Oui évidemment, mais dans le bon sens du terme! Nous ne détestons pas les hommes, nous respectons les hommes bons, et nous n’avons pas envie de bruler nos soutien-gorges ! Mais c’est important pour nous de valoriser les femmes et de porter le message suivant : Soyez à l’aise avec ce que vous êtes et célébrez votre féminité ! Nous nous inspirons de femmes fortes, comme Beyoncé, sa soeur Solange, Jay-Lo, Adele. Nous aimons ces femmes car elles produisent leur propre musique, en suivant leur envie, en utilisant leurs propres mots, en se forgeant un style bien à elles. Ce n’est pas simple d’être une femme dans ce monde, nous devons donner naissance tout en nous occupant de notre carrière. Quand vous voyez trois femmes sur scène, cela a forcément un gros impact. Souvent, des femmes viennent nous voir après nos concerts et nous disent : « Je me suis sentie une femme très forte ce soir », c’est un message fort pour nous. Dans certains endroits du monde, aujourd’hui encore, certaines femmes ne sont pas libres. Elles ne peuvent pas s’habiller comme elles veulent, elles doivent se couvrir. A notre dernier concert, une jeune femme près de la scène bougeait sur la musique, elle la ressentait complètement; une sorte de transe. Elle se mouvait au son du violon, des voix, sur chaque note. Nous voulons que les gens expérimentent nos concerts de manière spirituelle. Et même s’ils ne comprennent pas les paroles, ils ressentent les voix, les émotions dont nous parlons. Parfois, nous expliquons certaines chansons mais nous la plupart du temps, nous préférons garder le mystère pour que les auditeurs y trouvent ce qu’ils veulent. 

Vous avez utilisé des instruments traditionnels sur ce premier album ? 

Si on veut oui, mais nous ne les utilisons pas de manière traditionnelle. Au Yemen, les Juifs jouaient sur des batteries improvisées et assez primitives – des assiettes en argent, des canettes en métal, etc. Sur l’album, nous n’avons pas utilisé les percussions de cette façon. Nos voix sont tribales, nous utilisons un dialecte exact mais la production est des plus modernes. C’est un peu comme un mélange de musique folk et afro-américaine, tout est basé sur le rythme. A cela, nous avons mixé des inspirations venant de la musique caribéenne, du reggae, du hip-hop bien sur, du rock psychédélique – qui se ressent dans nos claviers. Le tout donne une atmosphère très onirique. 

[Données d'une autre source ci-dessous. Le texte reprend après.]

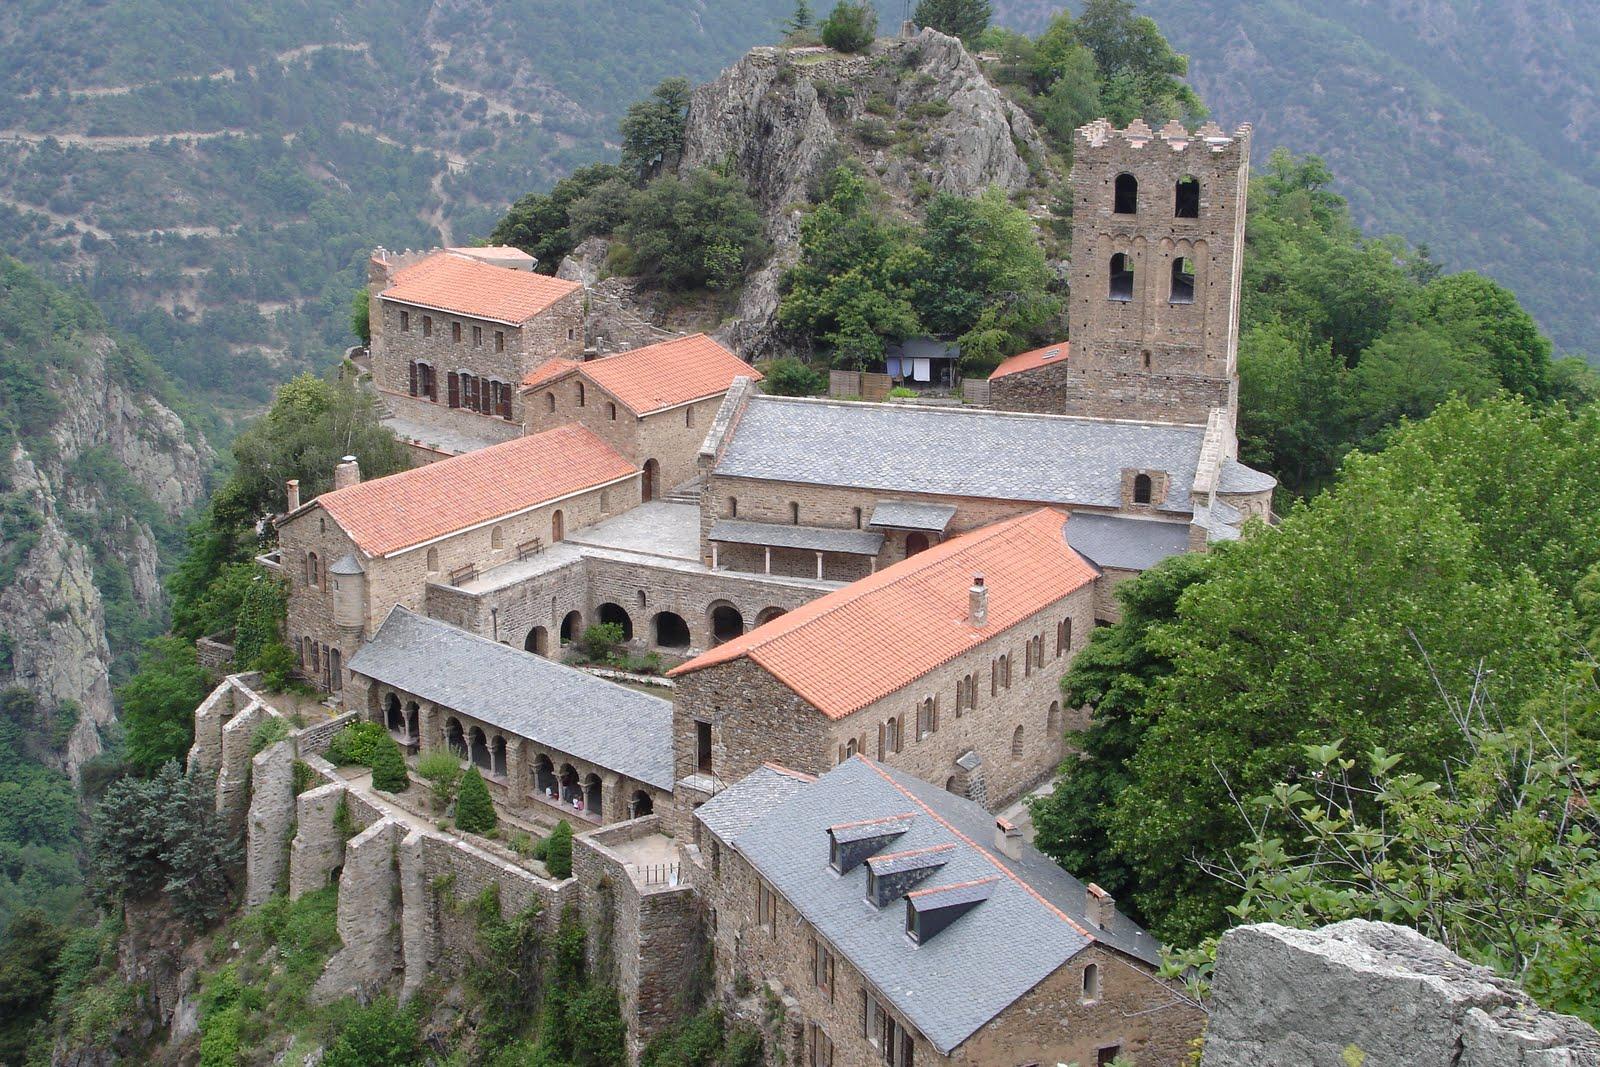 Sant Martí de Canigó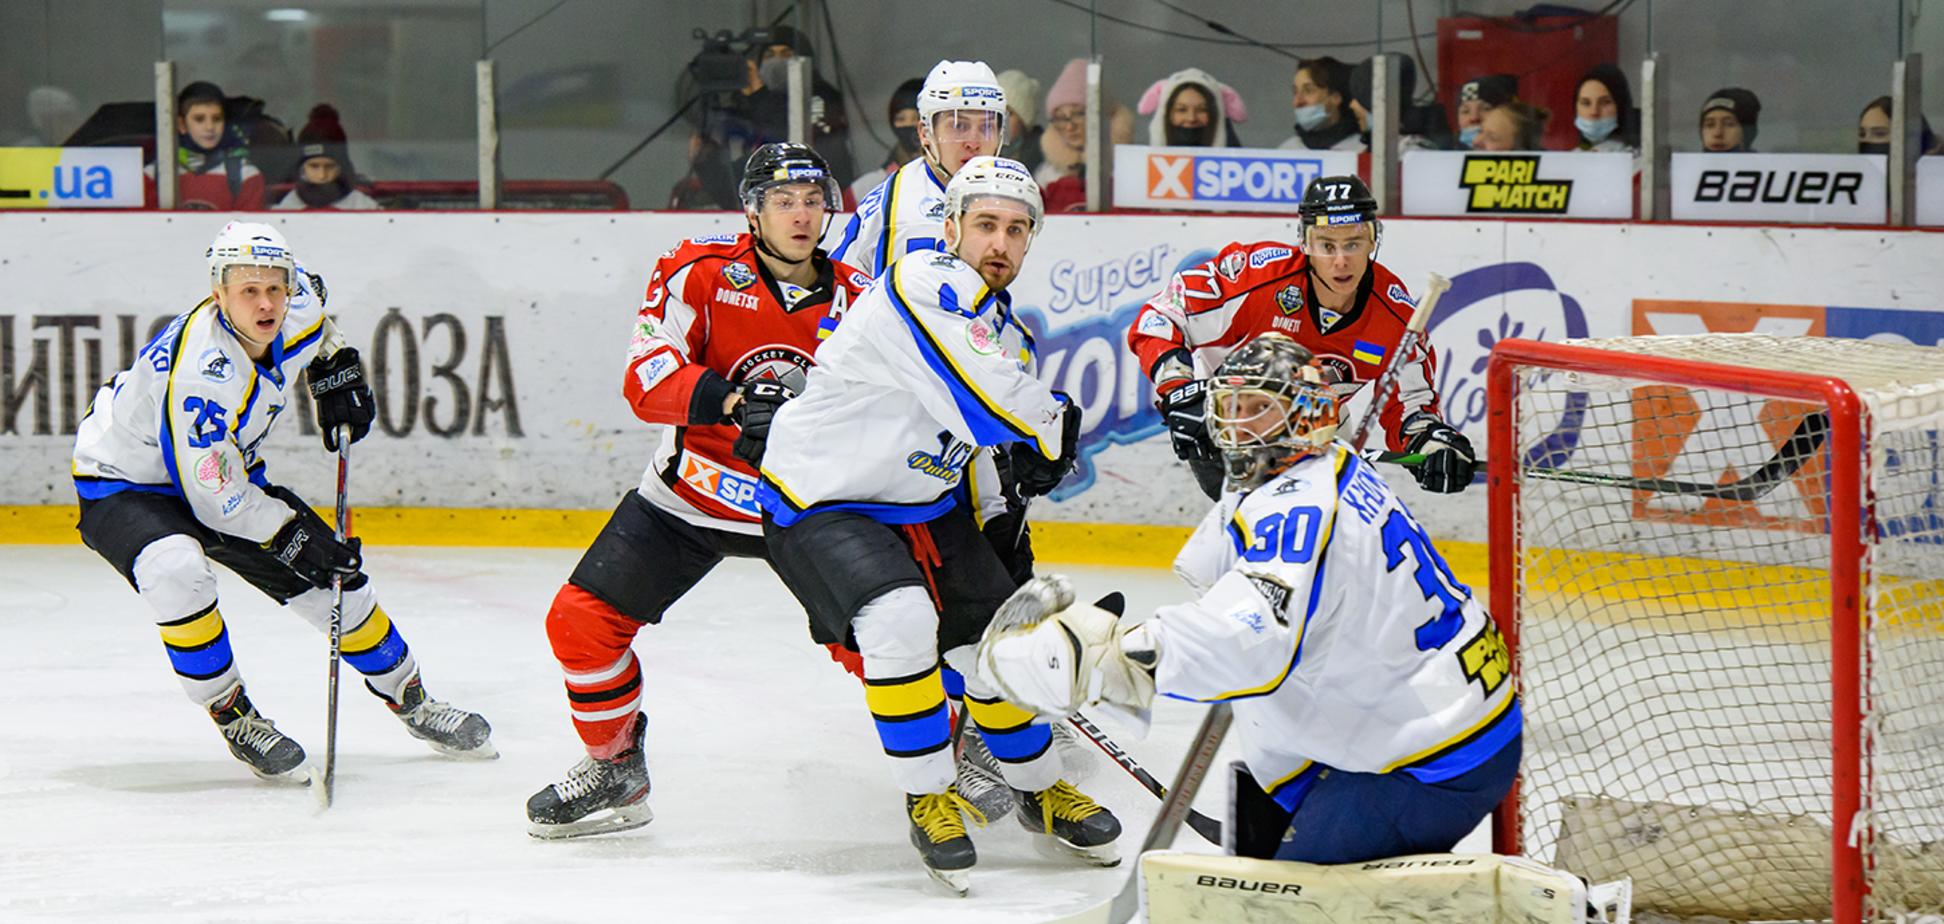 ХК 'Донбас', двічі поступаючись по ходу зустрічі, обіграв 'Дніпро' в УХЛ

Vous semblez avoir également de bonnes connaissances en musique électronique. Vous en écoutez beaucoup ?

Nous aimons des groupes indé comme Tame Impala ou Unknown Mortal Orchestra. Aussi, nous avons rencontré Débruit aux Nuits Sonores le mois dernier, et nous adorons ce qu’il fait. 

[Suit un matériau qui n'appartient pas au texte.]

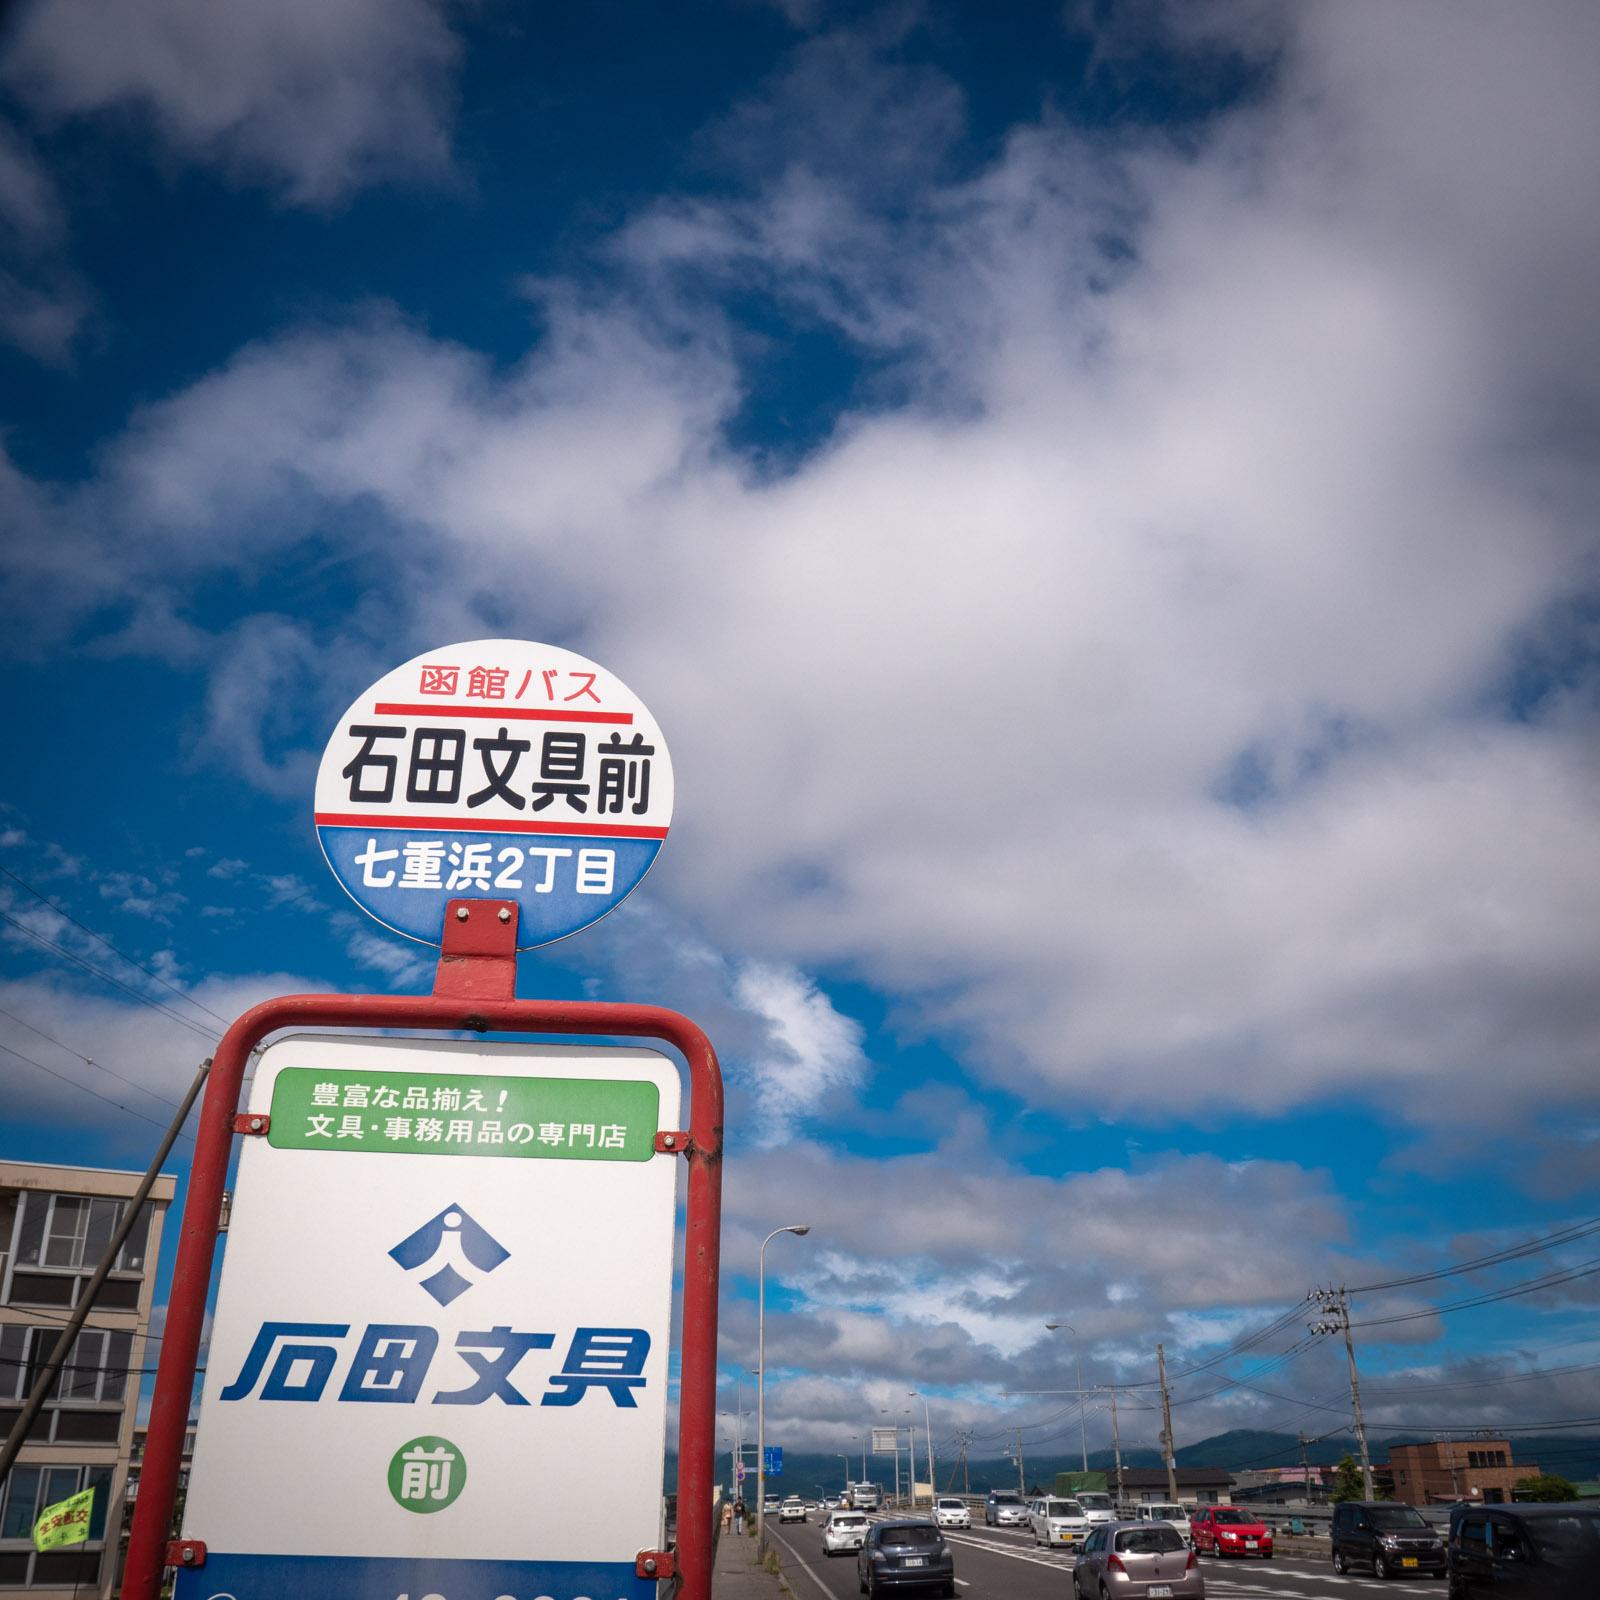 石田文具前バス停と夏空

« Habib Galbi » a rencontré un énorme succès en Europe. A-t’il été reçu de la même manière en Israël ? 

Oui, il passe à la radio et s’est retrouvé en tête des charts. Jamais nous n’aurions pu espérer cela. Et puis, nous avons le soutien infaillible de notre famille. Nos parents sont nos premiers fans, ils nous supportent à 100%, depuis le début. 

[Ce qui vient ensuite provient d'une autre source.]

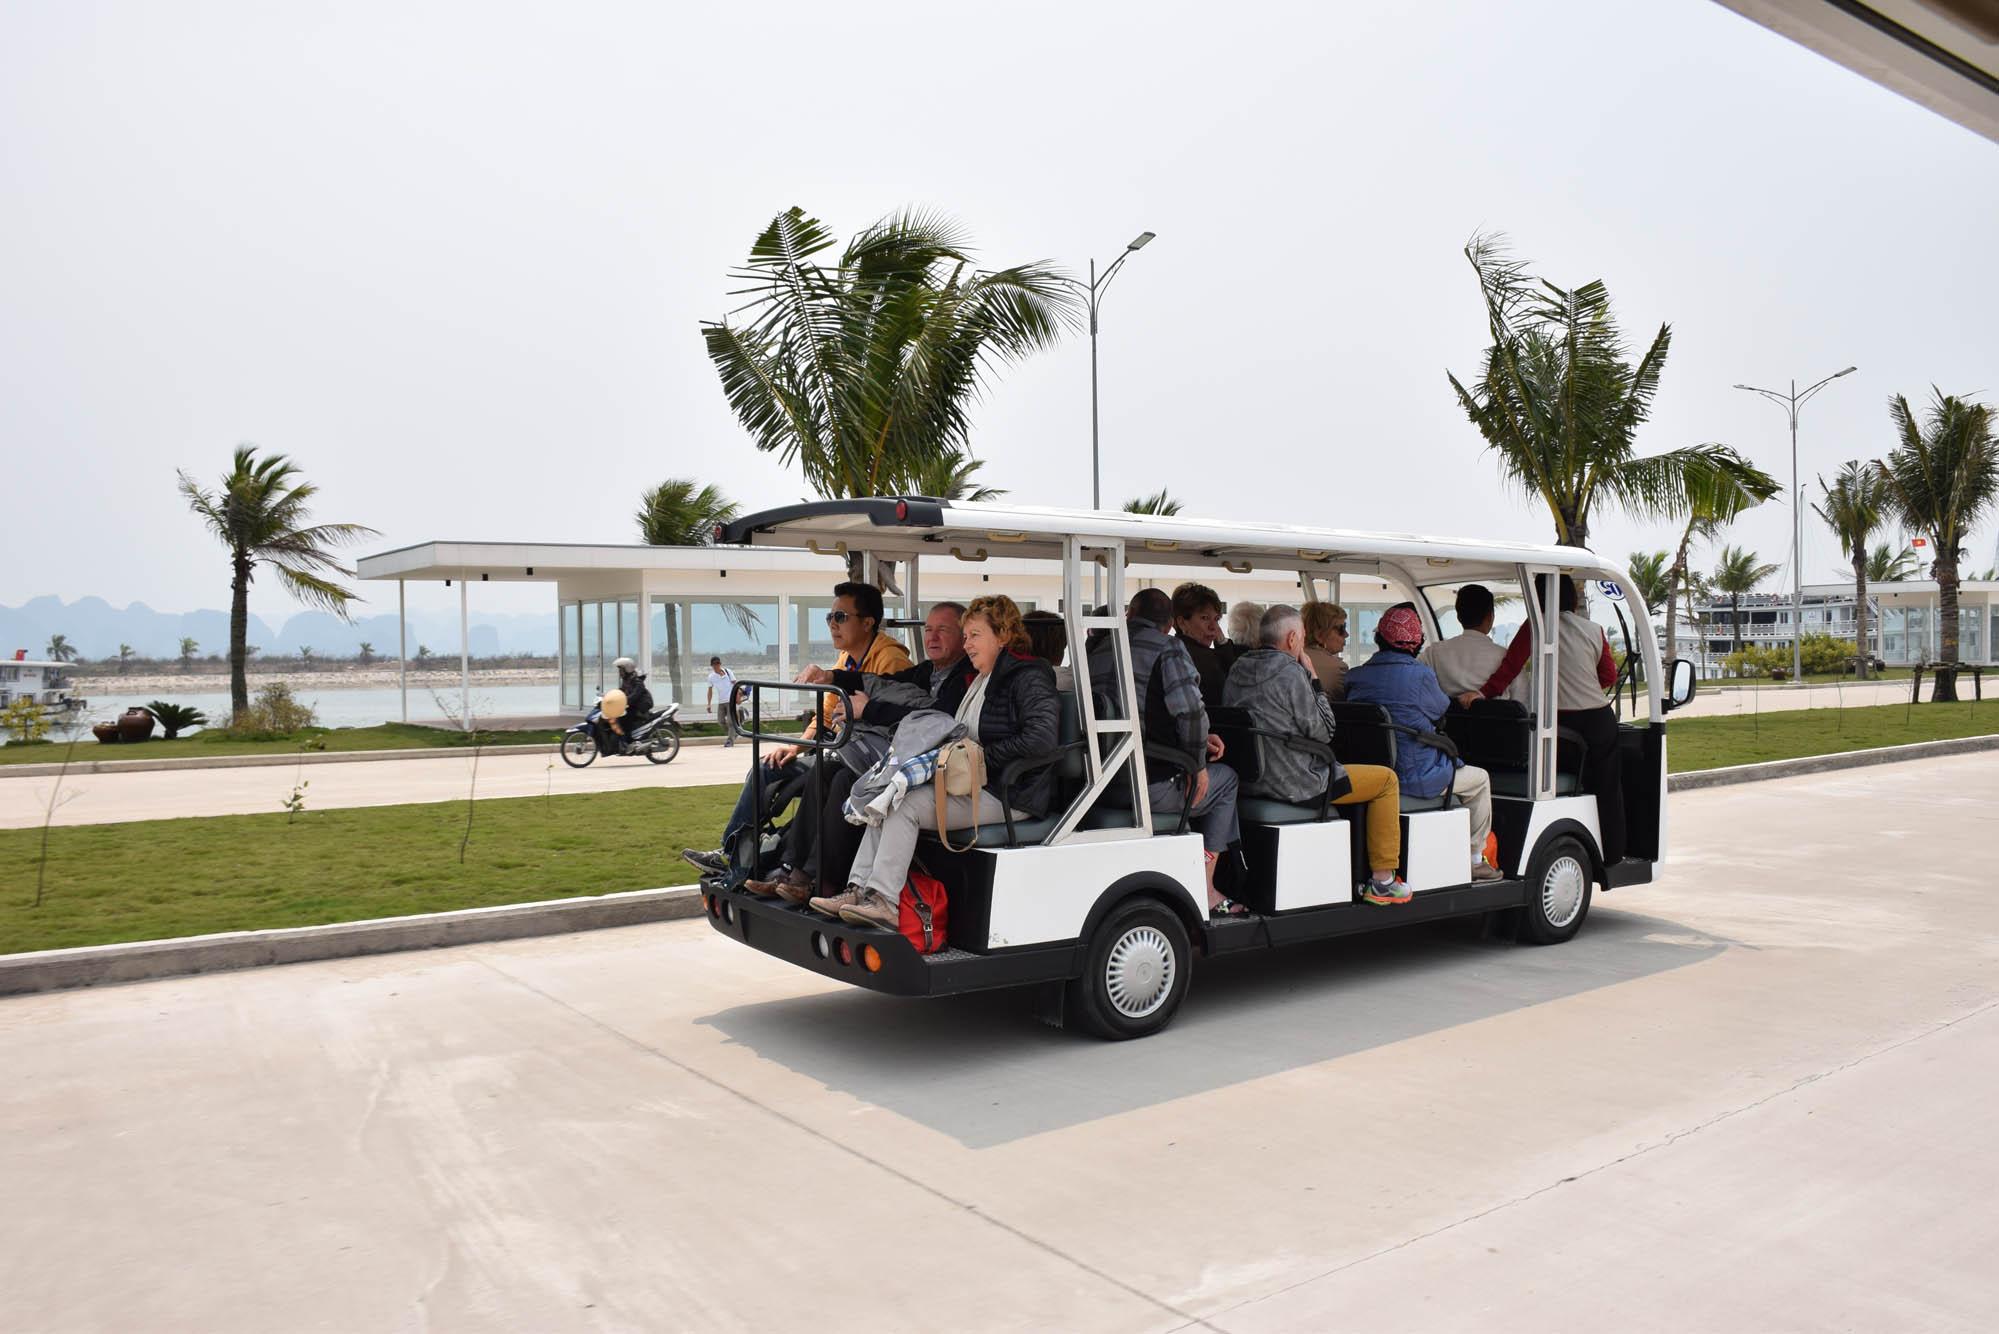 A caminho do barco para começar a experiência no Paradise Luxury Cruise, em Halong Bay

Et vous alors ? Qu’est-ce qui a changé dans vos vies depuis le carton du single ? 

Nous sommes toujours les mêmes dans nos coeurs, de simples jeunes filles du désert. Ce qui change, c’est que nous voyageons beaucoup, nous rencontrons un tas de personnes, nous découvrons des endroits magiques. Nous testons aussi de la nourriture délicieuse – vous avez de si bons fromages, du bon vin et nous adorons votre soupe à l’oignon ! – et nous nous frottons à de nouvelles cultures. « Habib Galbi » nous a donné le courage de créer de nouvelles choses et nous avons compris grâce à cela que nous avions le pouvoir de créer notre propre réalité. Notre père, lui-même, ne percevait pas combien notre rêve était grand. Nous lui avons dit « Papa, nous aimons cette musique, nous nous fichons de ce que penseront les gens qui n’aimeront pas. Nous voulons seulement chanter ce que notre coeur nous dit. » 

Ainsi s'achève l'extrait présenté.